Interestingly, the researchers found that stimulation of IFN-β also depended on spike cleavage. Returning to the cleavage-resistant spike protein they had engineered, Liu et al. compared the activation of the cGAS–STING pathway between the mutated spike and the original SARS-CoV-2 spike. Only the unmutated spike protein induced the expression of IFN-β. They also found that cells overexpressing TMPRSS2 displayed higher levels of IFN-β expression.
So the cGAS–STING pathway is responsible for triggering IFN-β upregulation in response to SARS-CoV-2-induced cell fusion. But, how is cell fusion triggering the pathway?
Genetic analysis of the cell cultures that triggered the cGAS–STING pathway revealed an increased induction of DNA damage responses (DDR) — an elaborate network of genes in charge of recognizing and tending to DNA damage. Liu et al. turned to the microscope; they observed that spike protein-induced syncytia were peppered with ruptured nuclei and with micronuclei. This was not seen in co-cultures formed using the cleavage-resistant, mutated spike protein.
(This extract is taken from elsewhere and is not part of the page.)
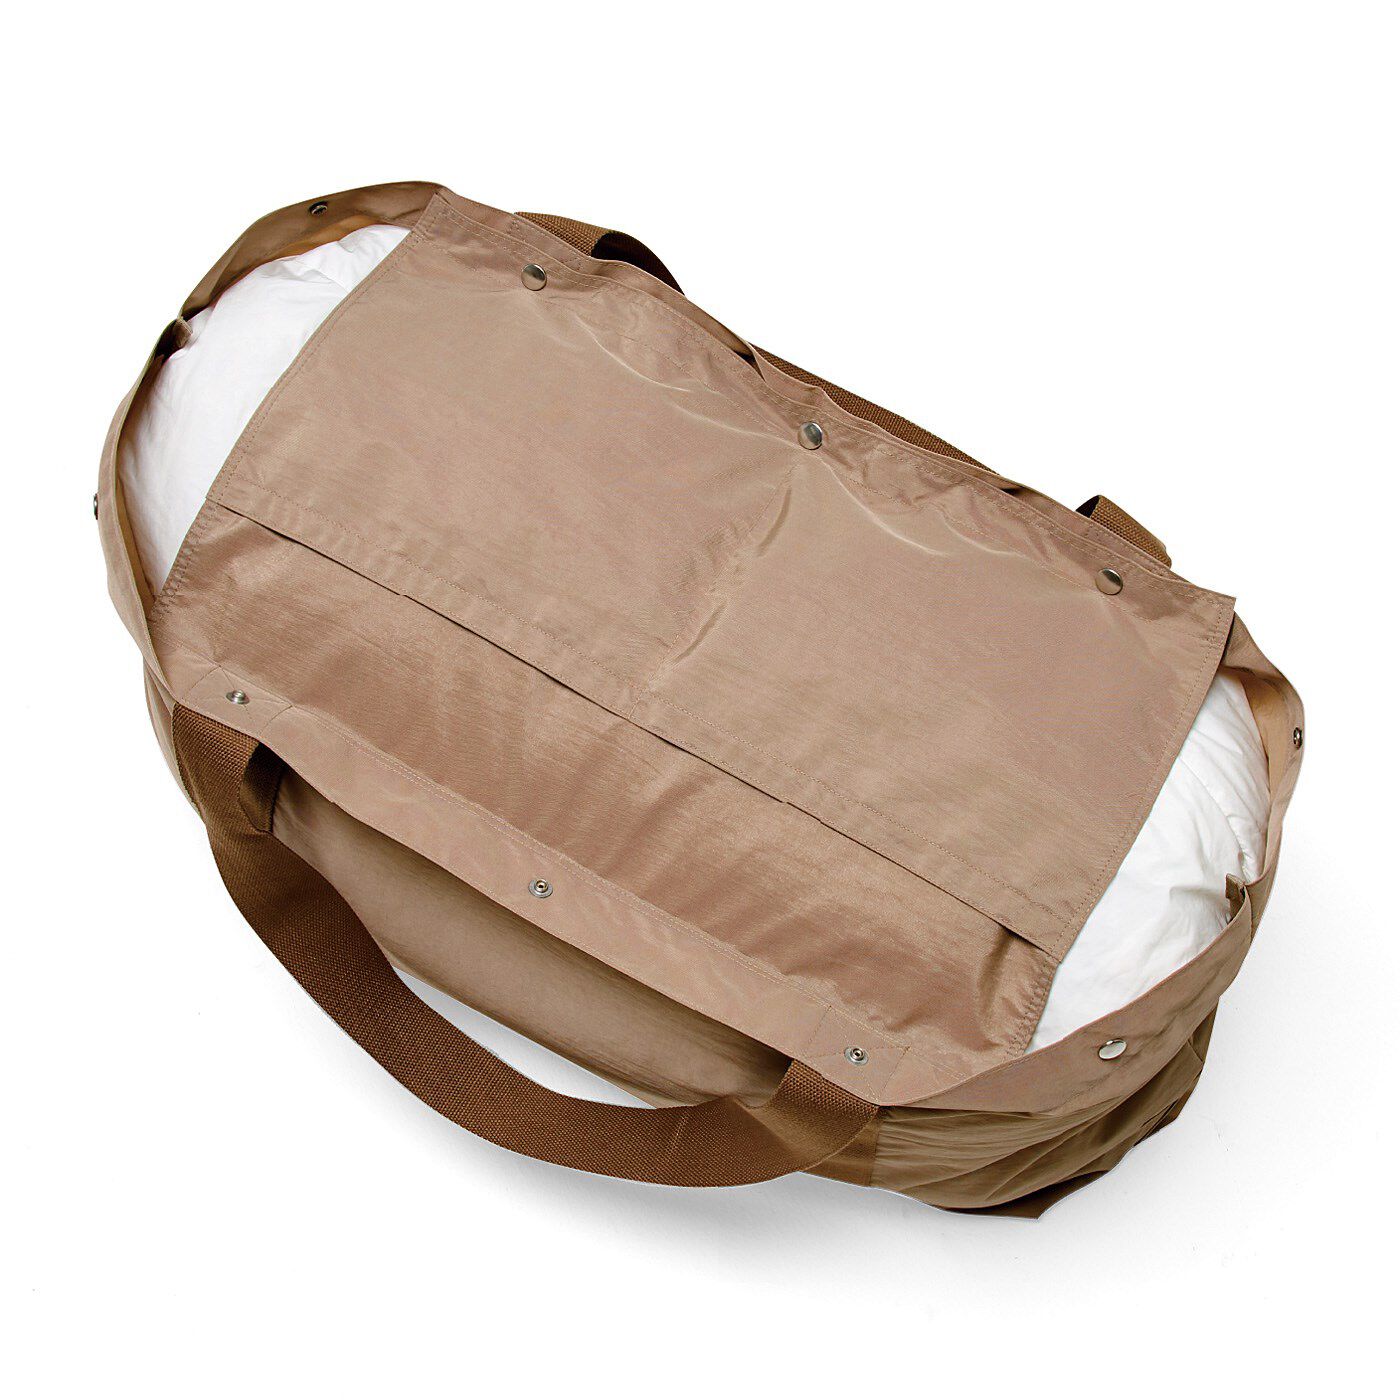 USEDo|長い荷物も持ち運びOK　たたむと小さくなる 撥水加工の細長ビッグナイロントートバッグの会|内側のつりポケットはスナップで留めると目隠しに変身。

Finally, the researchers sought to confirm whether the same series of events unfold during viral infection. Instead of the spike protein-containing kidney cells they used for their initial co-cultures, the team directly infected a range of human endothelial cell lines with a vesicular stomatitis virus (VSV) that had been engineered to express the SARS-CoV-2 spike protein. Again they witnessed the formation of syncytia, ruptured nuclei, the activation of the cGAS–STING pathway, and ultimately, the upregulation of IFN-β.The work by Liu et al. offers us insight into another mechanism through which SARS-CoV-2 induces inflammation. Covid-19 patients initially display a weakened type 1 interferon response, in large part orchestrated by the virus’ immunosuppressive tactics. This isn’t the case with patients that progress to severe disease, who often display signs of robust interferon response. More research needs to be done to understand the contribution of type 1 interferon to hyper-inflammation and severe Covid-19.